The expected answer is the data below, printed verbatim without its pictures.

SUPPLIED DATA:
════
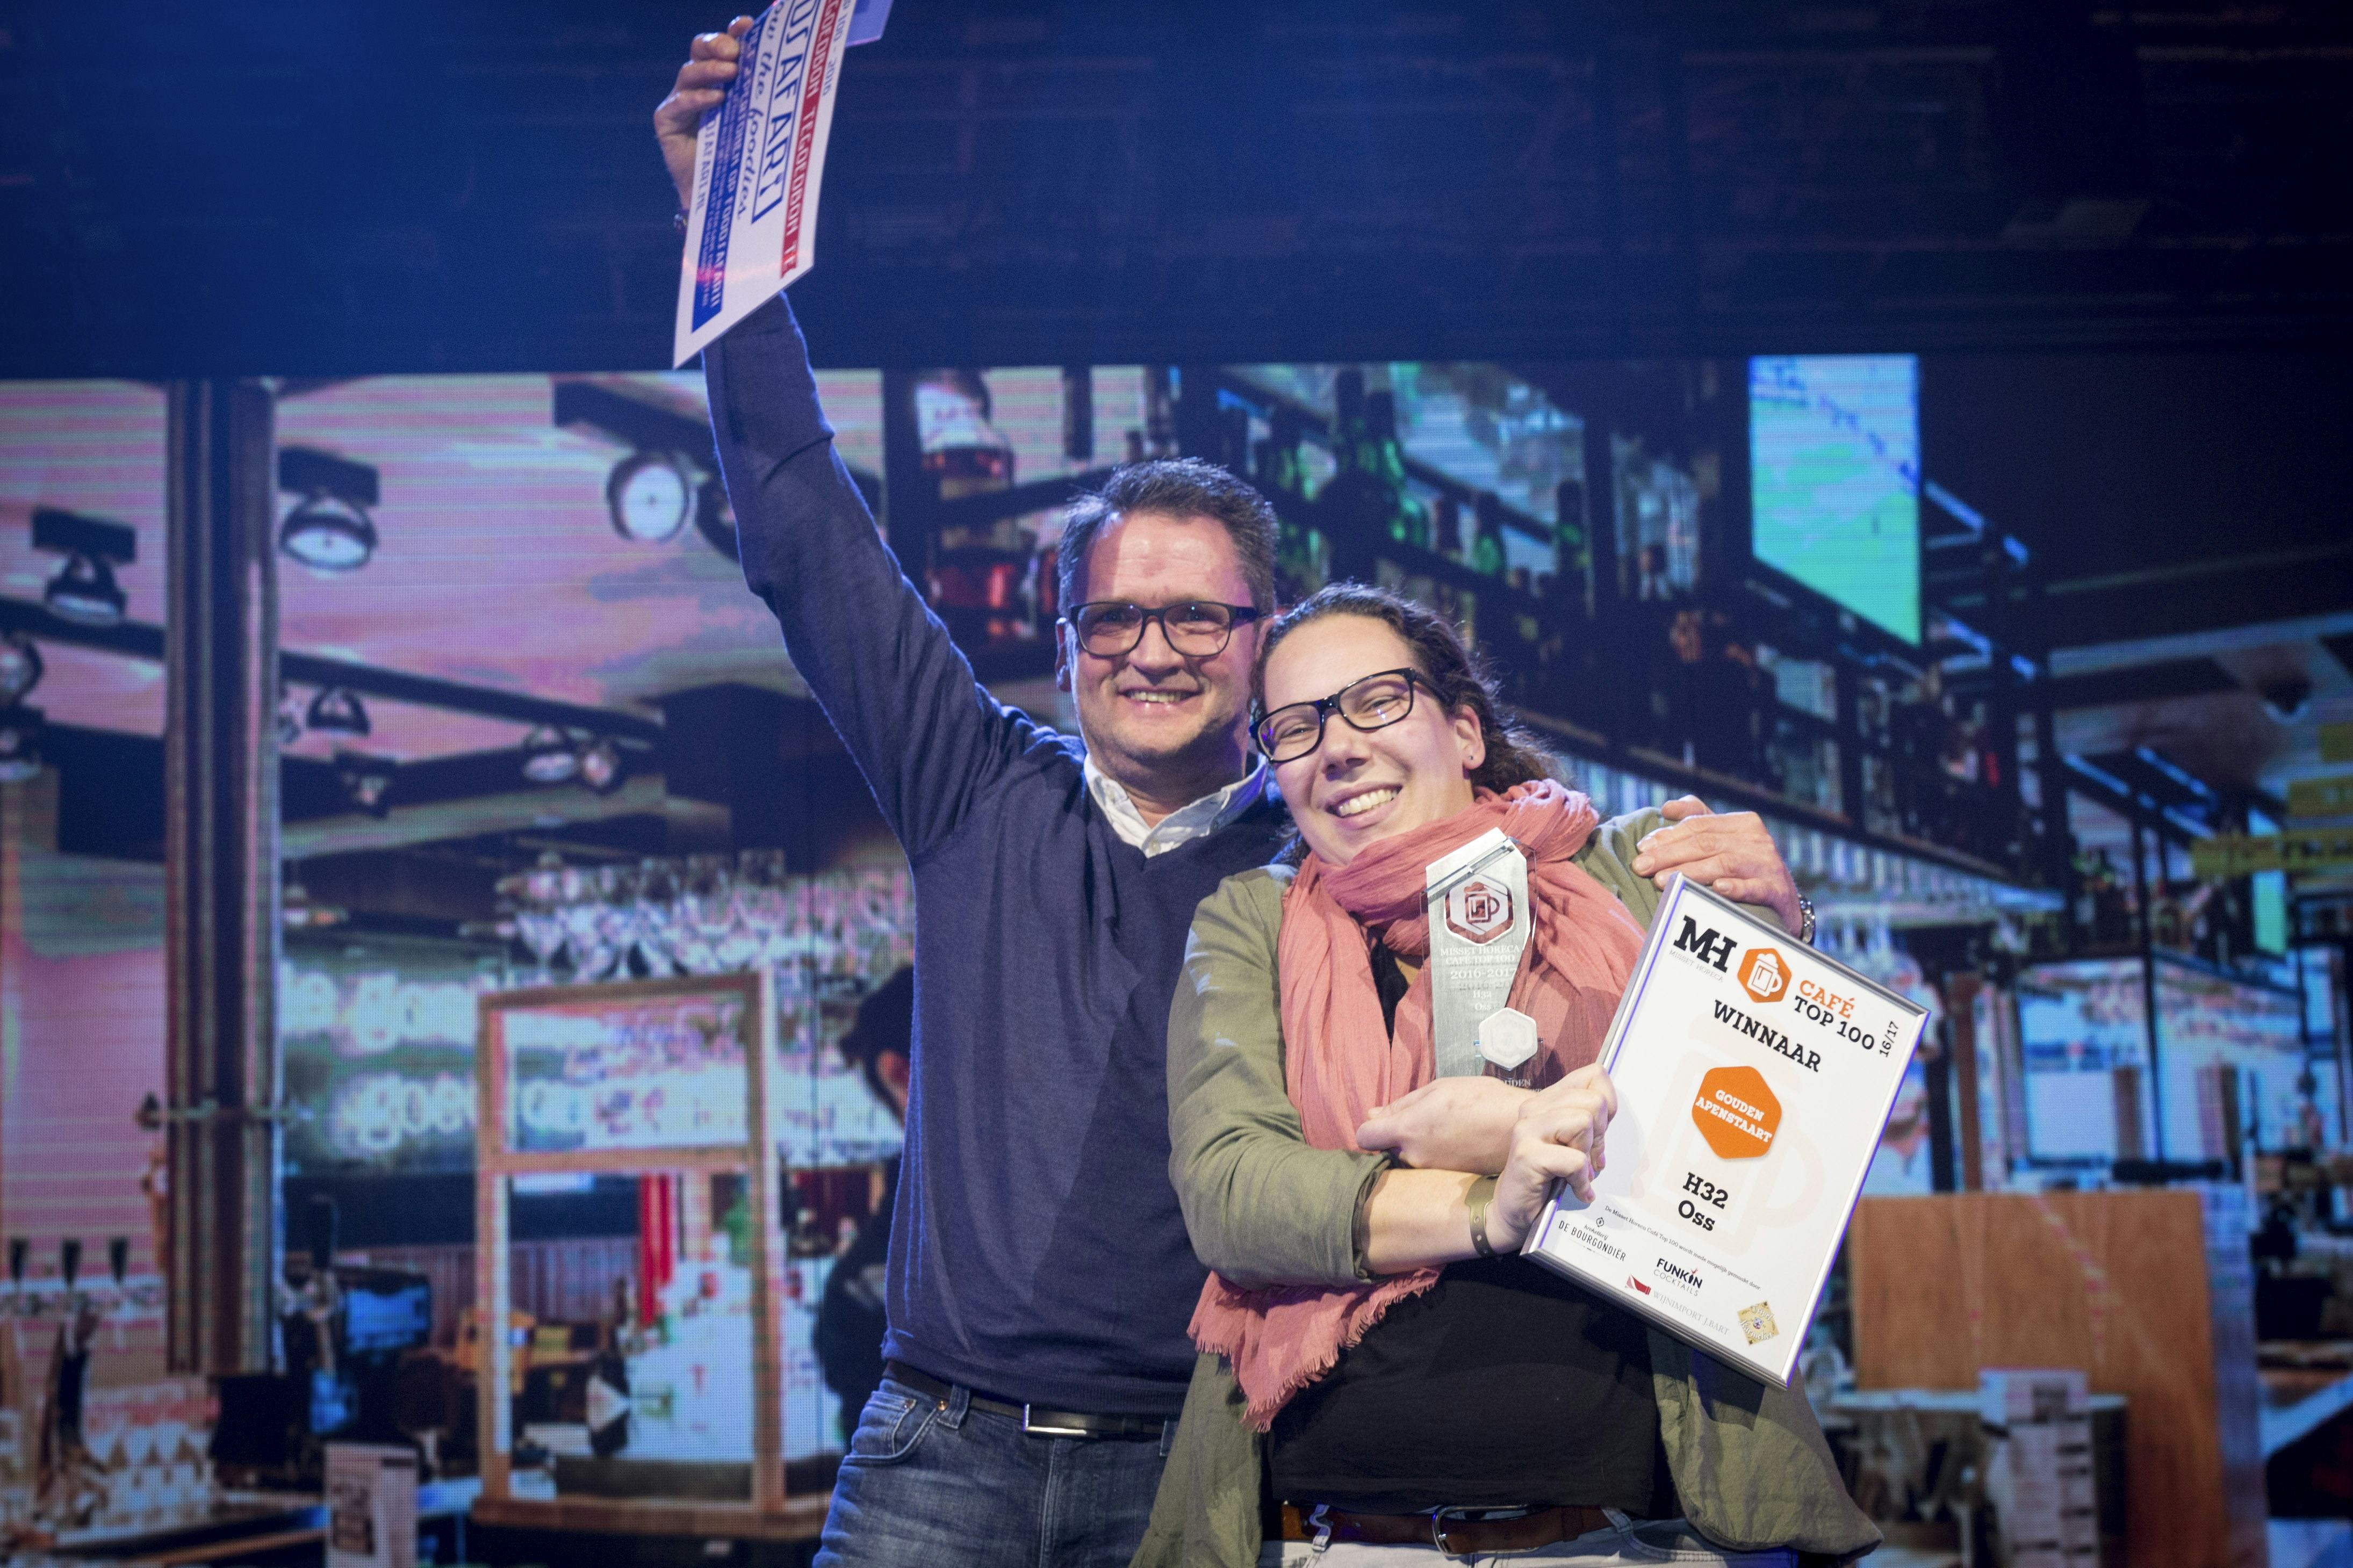 De winnaars van de Gouden Apenstaart 2016: Pierre Vink en Marieke van Druenen. Foto: Koos Groenewold.
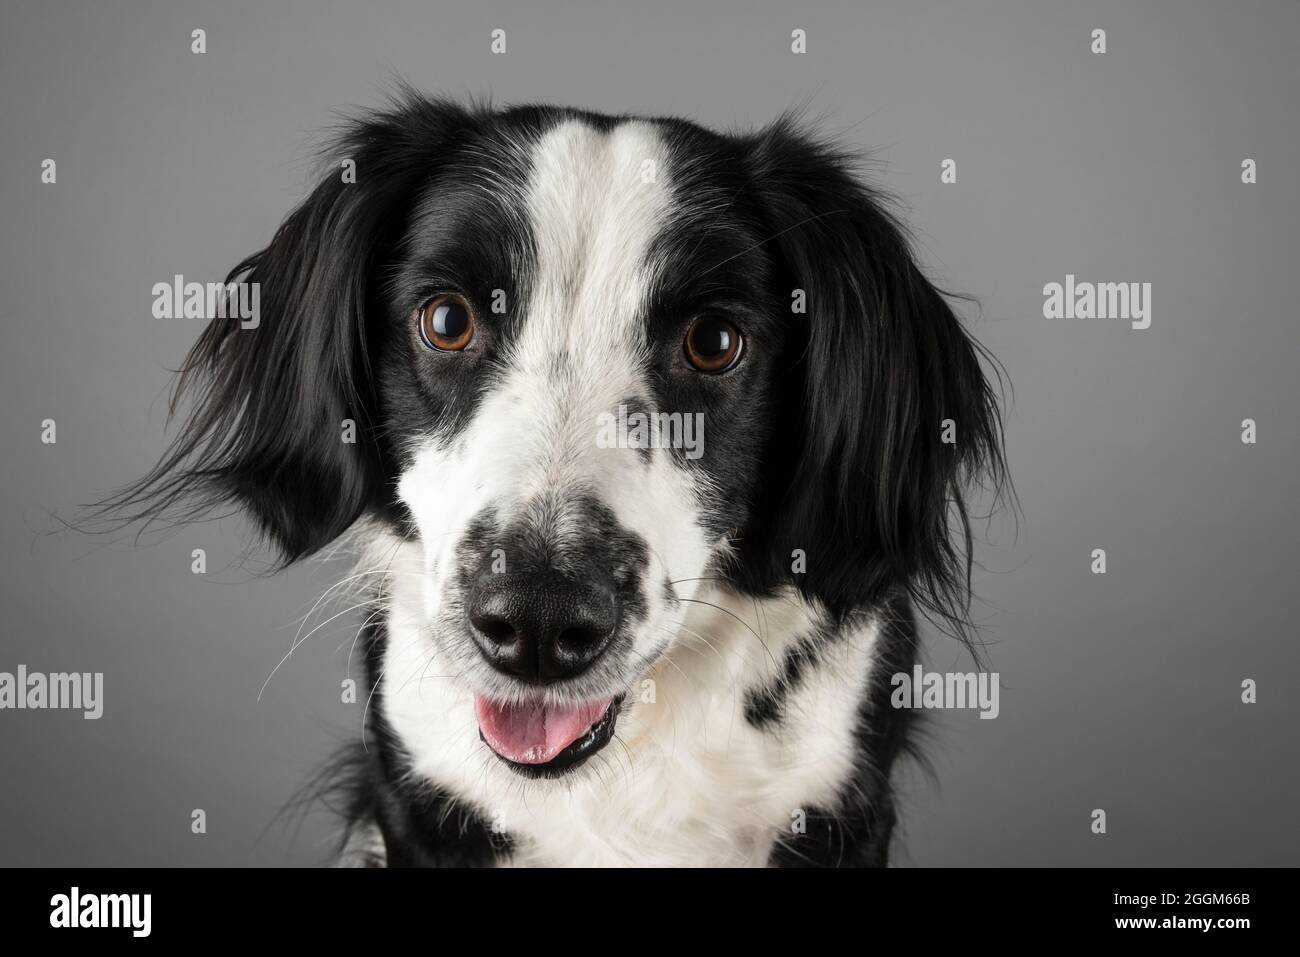 Une femme de 5 ans Border Collie / Springer Spaniel (Sprollie) chien (appelé Jess) photographié sur fond gris studio. Banque D'Images
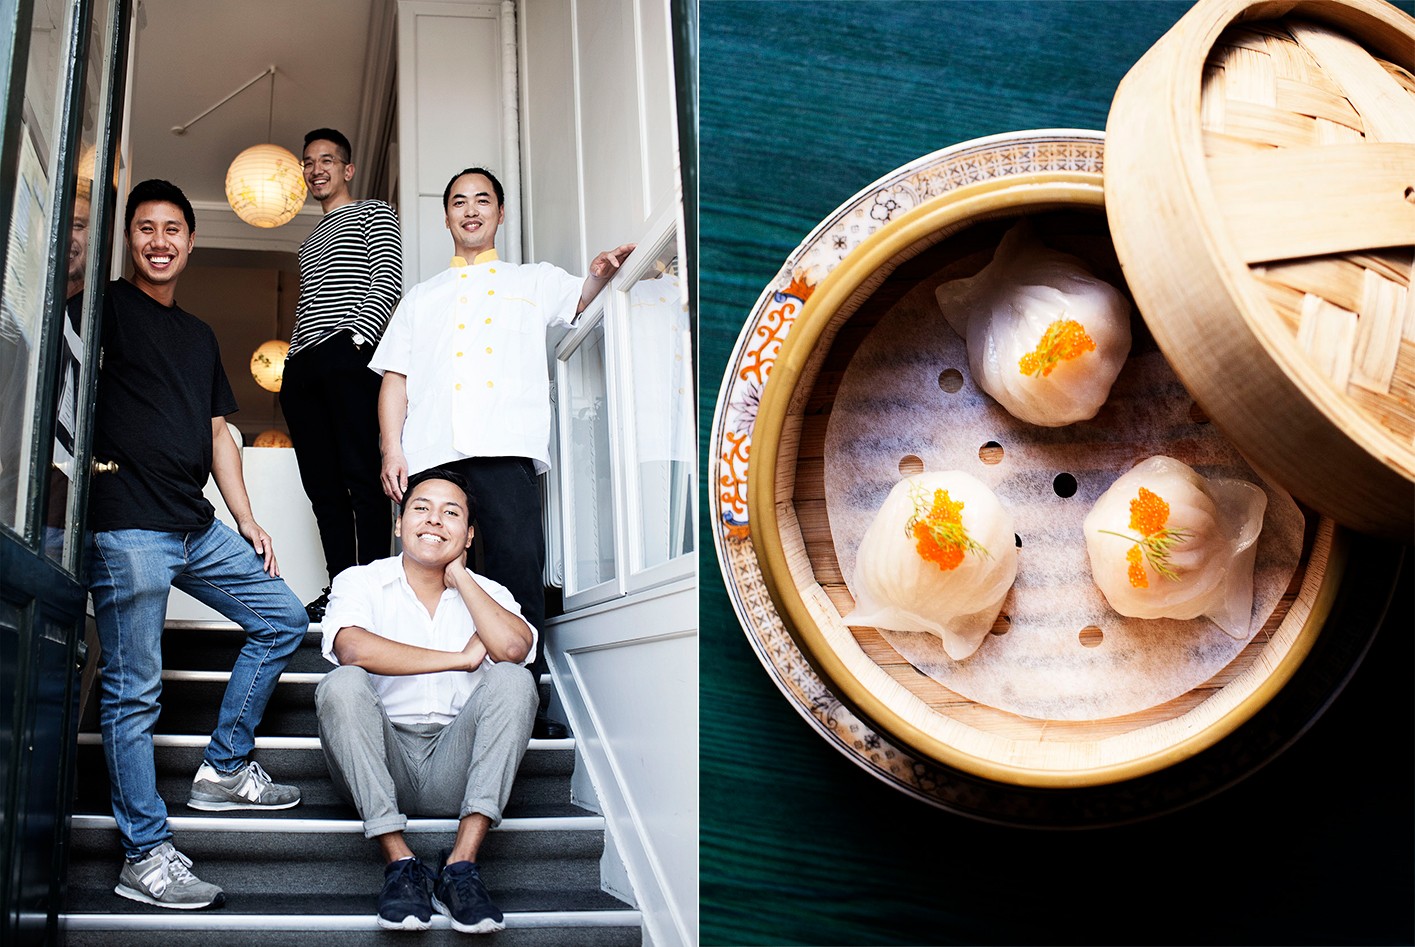 Den her kinesiske restaurant København gør oprør mod friture og buffet
════
EXERCISE RESULT:
 De winnaars van de Gouden Apenstaart 2016: Pierre Vink en Marieke van Druenen. Foto: Koos Groenewold.
 Une femme de 5 ans Border Collie / Springer Spaniel (Sprollie) chien (appelé Jess) photographié sur fond gris studio. Banque D'Images
 Den her kinesiske restaurant København gør oprør mod friture og buffet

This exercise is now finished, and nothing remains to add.